By Joseph Wright for BNA
The article was first published by The Bureau of National Affairs, but has been reproduced from DotConnectAfrica Blog. Reproduced with permission from Electronic Commerce & Law Report, 21 ECLR 441 (March 30, 2016). Copyright 2016 by The Bureau of National Affairs, Inc (800-372-1033)).
An applicant for the .africa top-level Internet domain fired back at domain overseer the Internet Corporation for Assigned Names and Numbers (ICANN), saying in a March 21 court filing that its blanket litigation waiver is unconscionable DotConnectAfrica Trust v. ICANN, C.D. Cal., No. 2:16-cv-00862, reply brief filed 3/21/16.
This is the last expected filing before the U.S. District Court for the Central District of California decides whether to continue to prevent ICANN from allowing a highly anticipated new domain to open for business, a move that could help expand e-commerce in Africa.
A general waiver including fraud and intentional legal violations is void in California regardless of whether the broader public interest is affected, DotConnectAfrica Trust (DCA) argued in a reply brief. The brief supports DCA’s application for temporary injunction preventing ICANN from delegating .africa to DCA’s competitor ZA Central Registry (ZACR).
Under Cal. Civ. Code § 1668, ‘‘All contracts which have for their object, directly or indirectly, to exempt any one from responsibility for his own fraud, or wilful injury to the person or property of another, or violation of law, whether willful or negligent, are against the policy of the law.’’
ICANN argued in a previous filing that the provision applies only to agreements implicating the public interest, denied its application implicated that interest and said any voidness should only apply to fraud claims (21 ECLR, 3/23/16).
Competing .Africa Applications. DCA and ZACR both filed applications in 2012 to operate .africa as part of ICANN’s new generic top-level domain (gTLD) program to expand Internet space beyond existing domains such as .com. Applications for multinational regions require the support of at least 60 percent of affected governments.
The African Union on behalf of most African governments initially supported DCA but later withdrew that support in 2010 and instead backed ZACR. DCA has argued that the withdrawal was ineffective under ICANN’s rules.
ICANN initially awarded .africa to ZACR, but DCA filed an independent review panel proceeding challenging that determination (19 ECLR 147, 1/29/14).
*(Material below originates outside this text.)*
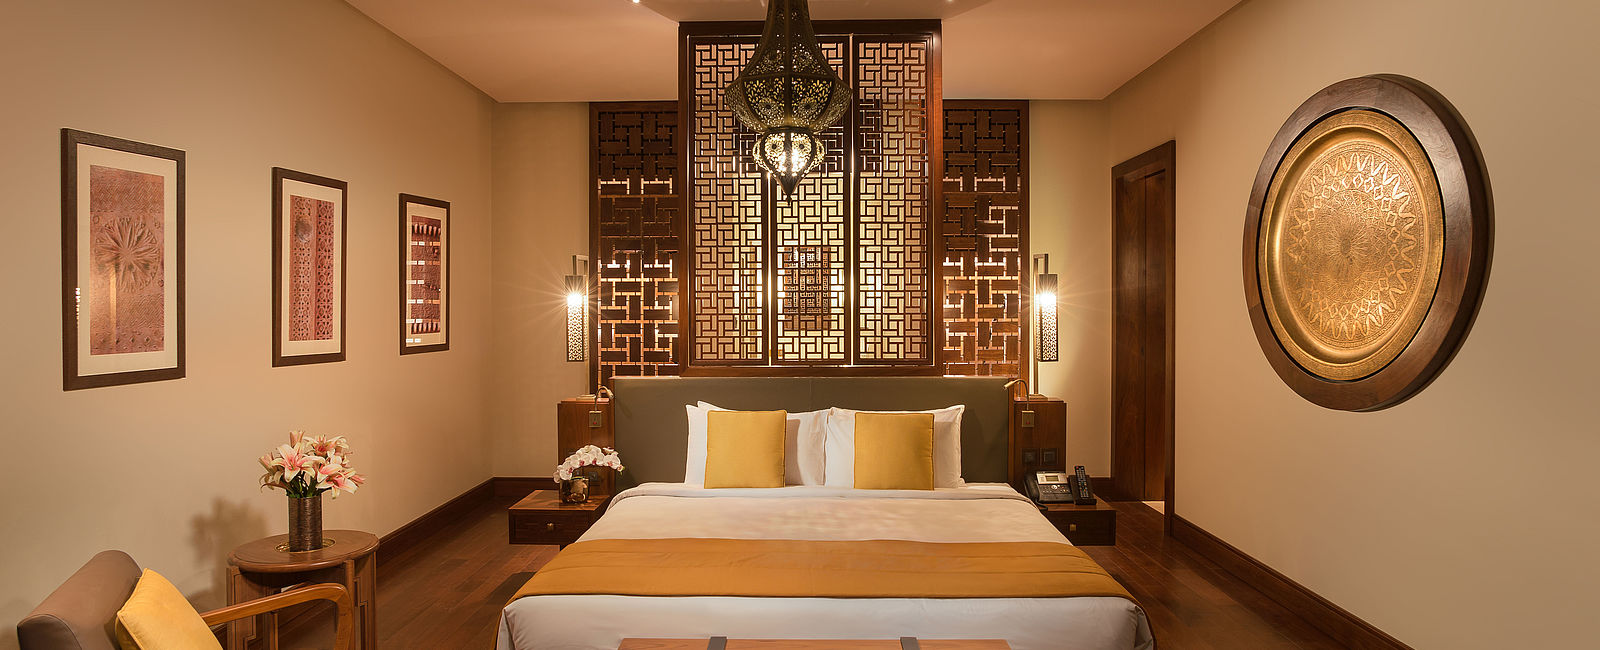 HOTEL ANGEBOTE
 Anantara Hotels, Resorts & Spas: Flash Sale -40%

The panel agreed with DCA that its application should be allowed to proceed (20 ECLR 956, 7/15/15), but the parties disagree about the scope of that ruling.
ICANN placed DCA’s application back into geographic names review, which it failed due to lack of support from affected governments (21 ECLR 250, 2/24/16). But DCA argued that the panel’s ruling was much broader, ordering ICANN to forward its application through the entire process and grant DCA the .africa name.
‘‘DCA Trust firmly believes that ICANN continues to breach its Bylaws, Articles of Incorporation, and now violates the arbitration panel’s ruling,’’ a DCA representative told Bloomberg BNA in February.
DCA filed suit to enforce its understanding of the decision and received a temporary restraining order preventing ICANN from delegating .africa to ZACR (21 ECLR 325, 3/9/16). The court will hear DCA’s injunction motion April 4.
ICANN Release Argument ‘Disingenuous.’ DCA argued that applicants had no bargaining power regarding the broad litigation waiver in ICANN’s new gTLD application. Even ICANN’s committee of government advisors criticized the release, but ICANN imposed it anyway, DCA argued. ICANN was ‘‘therefore disingenuous’’ in arguing that the release language was negotiated, DCA said.
ICANN independent review process wasn’t a fair alternative to litigation, DCA said, because ICANN has refused to accept that panel determinations are binding. As a result, DCA argued, the release language was procured by fraud.
DCA also argued that ICANN can’t show any harm resulting to it if the injunction is granted. Any alleged harm wouldn’t accrue to ICANN or ZACR, but to a previously undisclosed foundation that could raise money from .africa’s exploitation, DCA said. DCA also said seeking monetary damages didn’t prevent the court from imposing an injunction because DCA only sought damages as an alternative remedy.
Brown Neri and Smith LLP represented DCA. Jones Day LLP represented ICANN.